Michael, certainly where it makes sense, we will add any of the key collaborations for whom we believe it's a great fit for our devoted pet lover. This one in particular really stood out. As we did the sort did the pre-decision research into some of our devoted pet lovers, we identified a significant proportion of especially nostalgia-based approach to some of our very devoted -- call it perhaps Exer and Boomer customers for whom there was a great nostalgia for that.We also believe, of course, there should be some buildup to the Barbie line continuing over time as media really lean into this. For us it's mainly about what's the best fit for our devoted pet lover. It doesn't matter if it's a collaboration, a proprietary brand, a new national brand. Last year for example we launched Bark and brought in several of the toy collections from Bark that had a tremendous sort of response.On our proprietary brand side, right, we launched our Performatrin freeze-dried raw last year and this year it's up for a retail packaging award, because of the way in which it stood out on the shelf and the tremendous uptake that we've had from that launch, our first steps into the culinary category. So absolutely open to collaborations, but again, the most important criteria for us is how is it going to play with our devoted pet lover.
Perfect. And as a quick follow-up to your comments about the VIP program that you mentioned earlier in the call, we were just wondering how much of an impact that is for driving repeat sales and what the VIP program will look like at Chico's and how the uptake has been from there and if you could provide any color on the rate of signups for the overall program?
Certainly. Just to be clear our VIP program is not a separate program that you sign up for. It is an extension of our existing loyalty program. It's a set of incremental benefits that we really surprise and delight our most loyal customers with. It's not a separate thing that we actually introduced within the program. It's really highly personalized.So for each one of these VIP customers, many of whom have spent almost a decade being a loyal customer to Pet Valu, oftentimes with $10,000 to $20,000 to $30,000 to spend over their lifetime with us, we actually customize a very specific gift box that's tied to the pets that they're purchasing for within our Pet Valu stores.We then, in partnership with our local franchisee or store manager, invite the VIP customer into the store and actually through something only we can do with our true store-based human connection, really say thank you, a deep, personal, heartfelt thank you as we hand over this VIP box completely customized to them.
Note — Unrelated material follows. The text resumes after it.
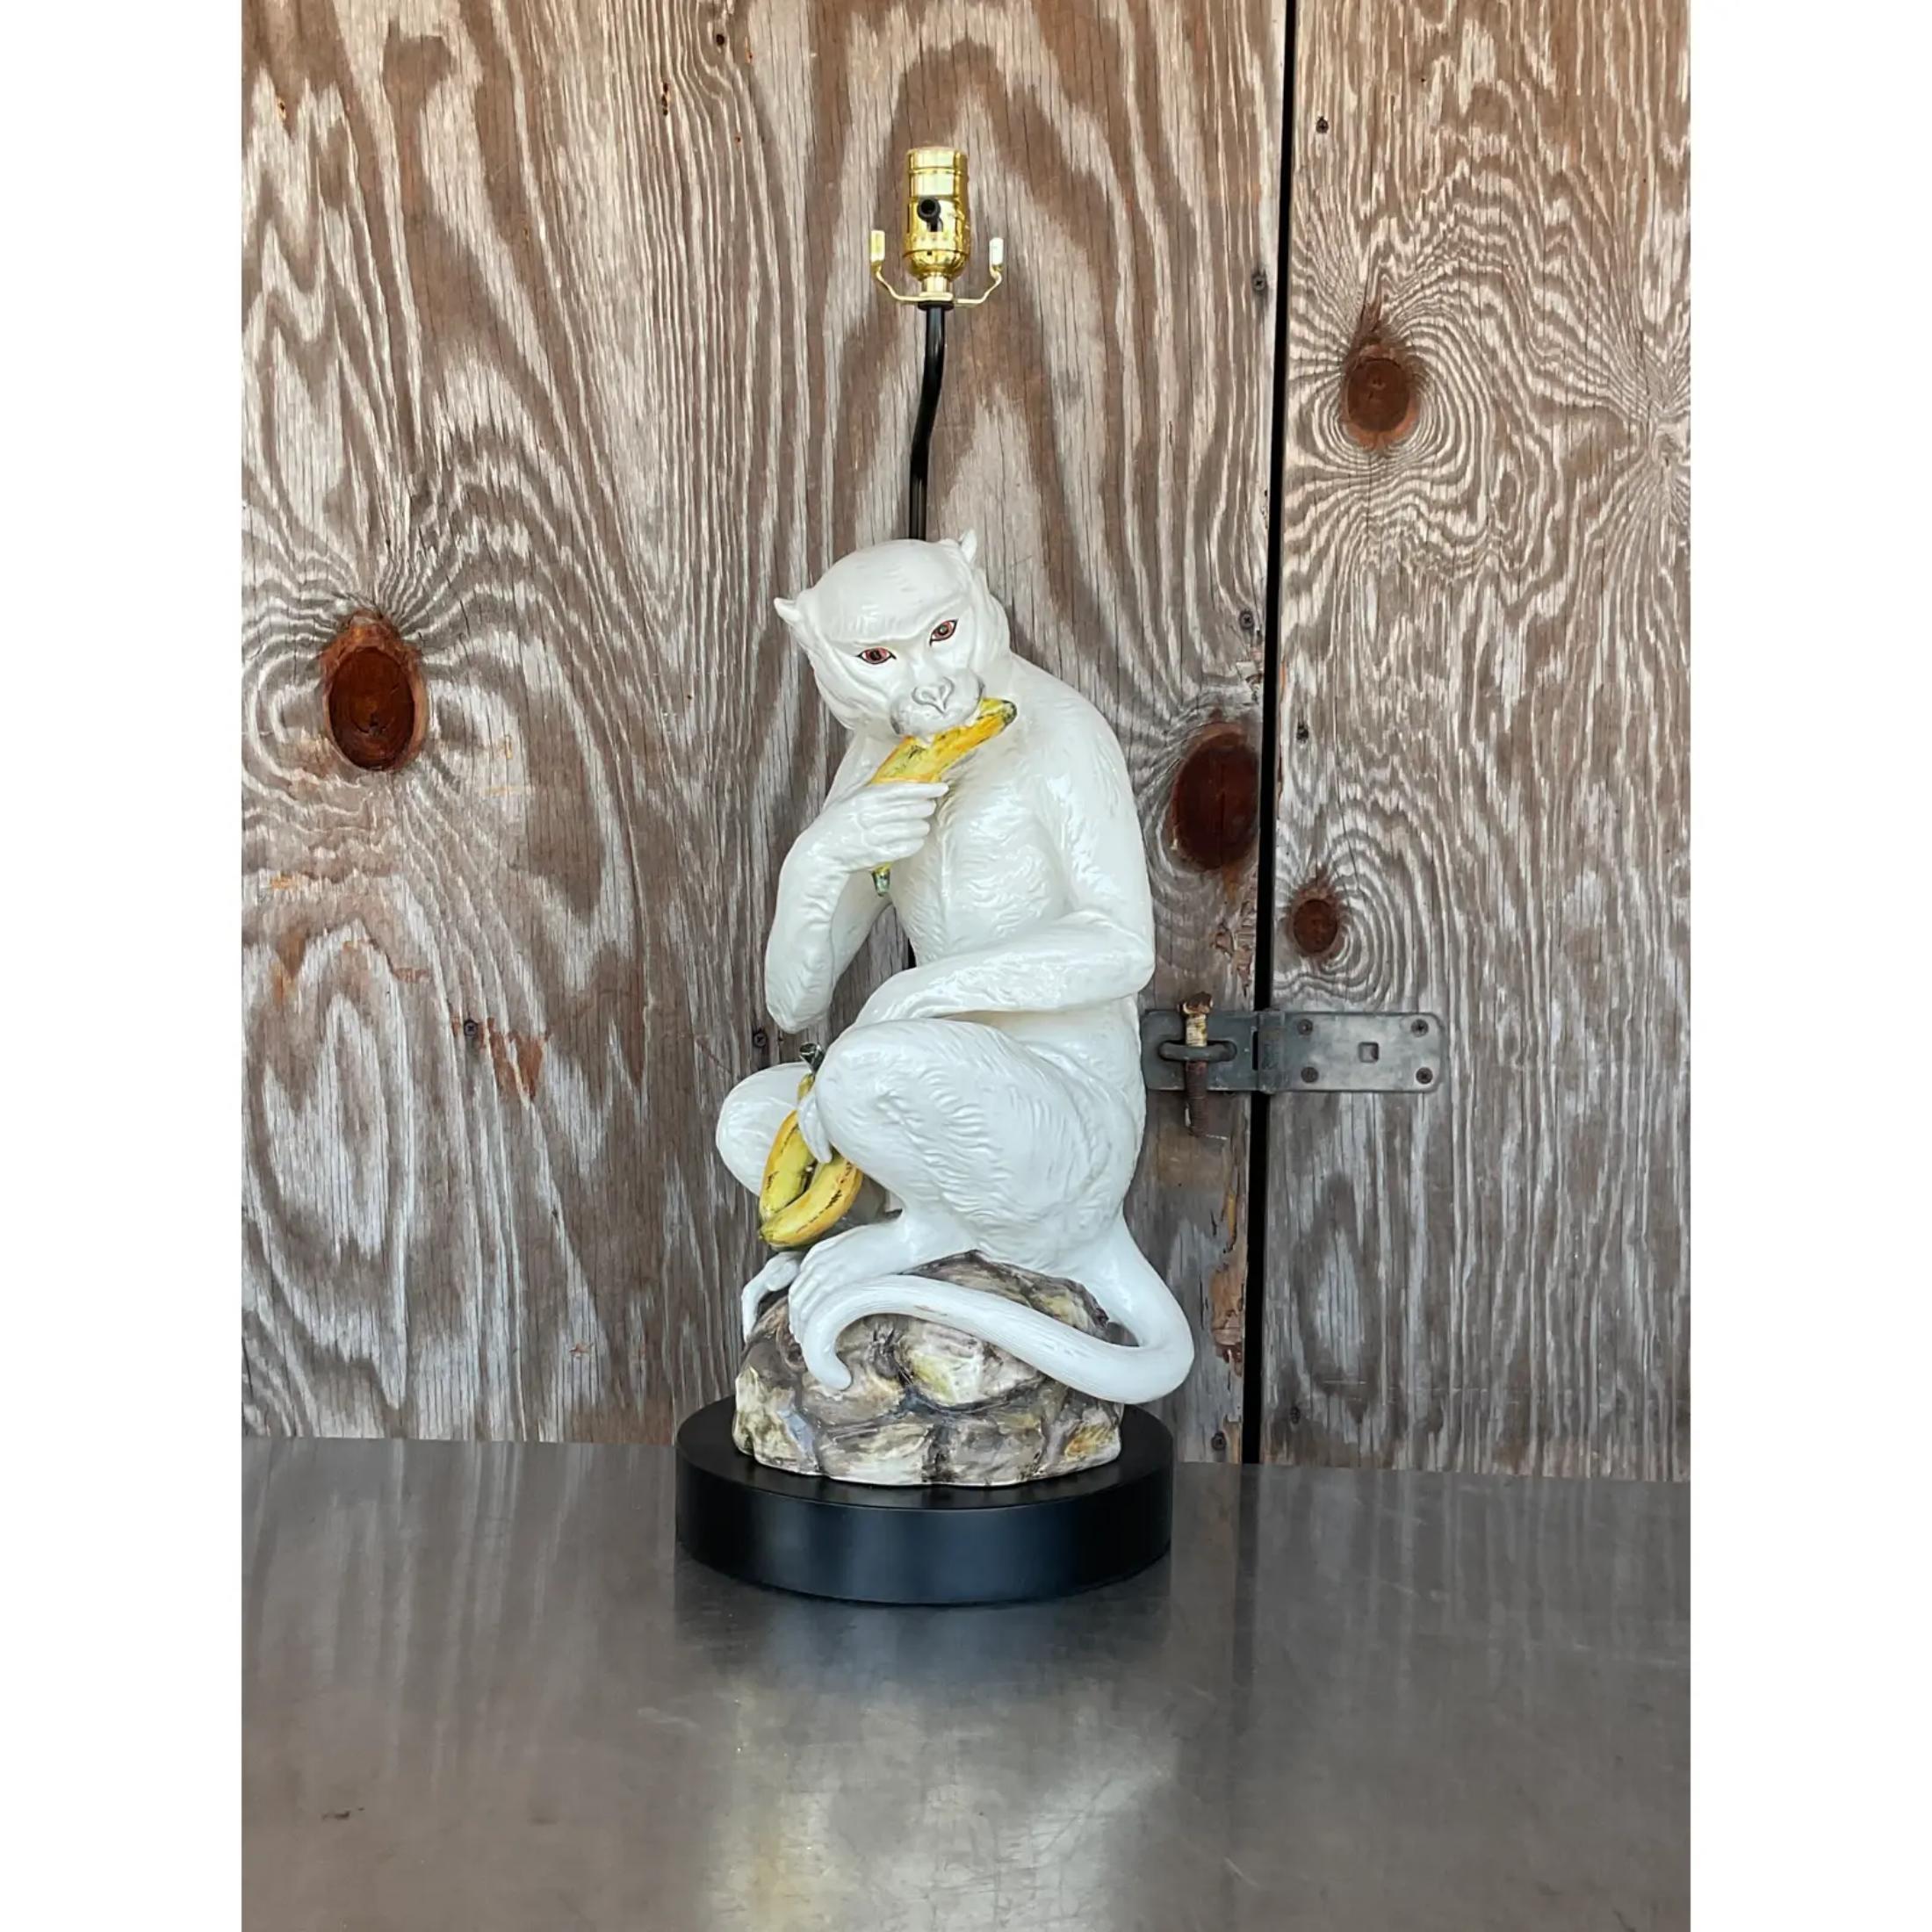 A stunning vintage Coastal table lamp. A chic Italian glazed ceramic monkey enjoying some bananas. Fully restored with all new wiring, hardware and plinth. Signed on the bottom of monkey. Acquired from a Palm Beach estate

Inside every box is a handwritten note from me thanking them for their business and an opportunity to speak with someone on our executive staff if they just like to give more input into how we could be an even better partner for them in the pet space.So I think the important thing to take away, Michael, right, is this isn't something new. This is something that is at the premier level of our existing loyalty program in which we just want to say thank you to our very best customers.
That concludes the question-and-answer session. I will now pass the line back to Richard for closing or additional remarks.
As always, everyone, thank you so much for investing your time and your interest into Pet Valu. Later today, we have our Annual General Meeting. I hope some of you and our shareholding can join us for the meeting, which will highlight some of the key successes we had in 2022, but most importantly, you get just one more chance to hear how much we love what we do.So with that, thank you all so much, and we hope to talk to you again during our Q2 call in August. Have a great day.
That concludes the conference call. Thank you for your participation. You may now disconnect your line.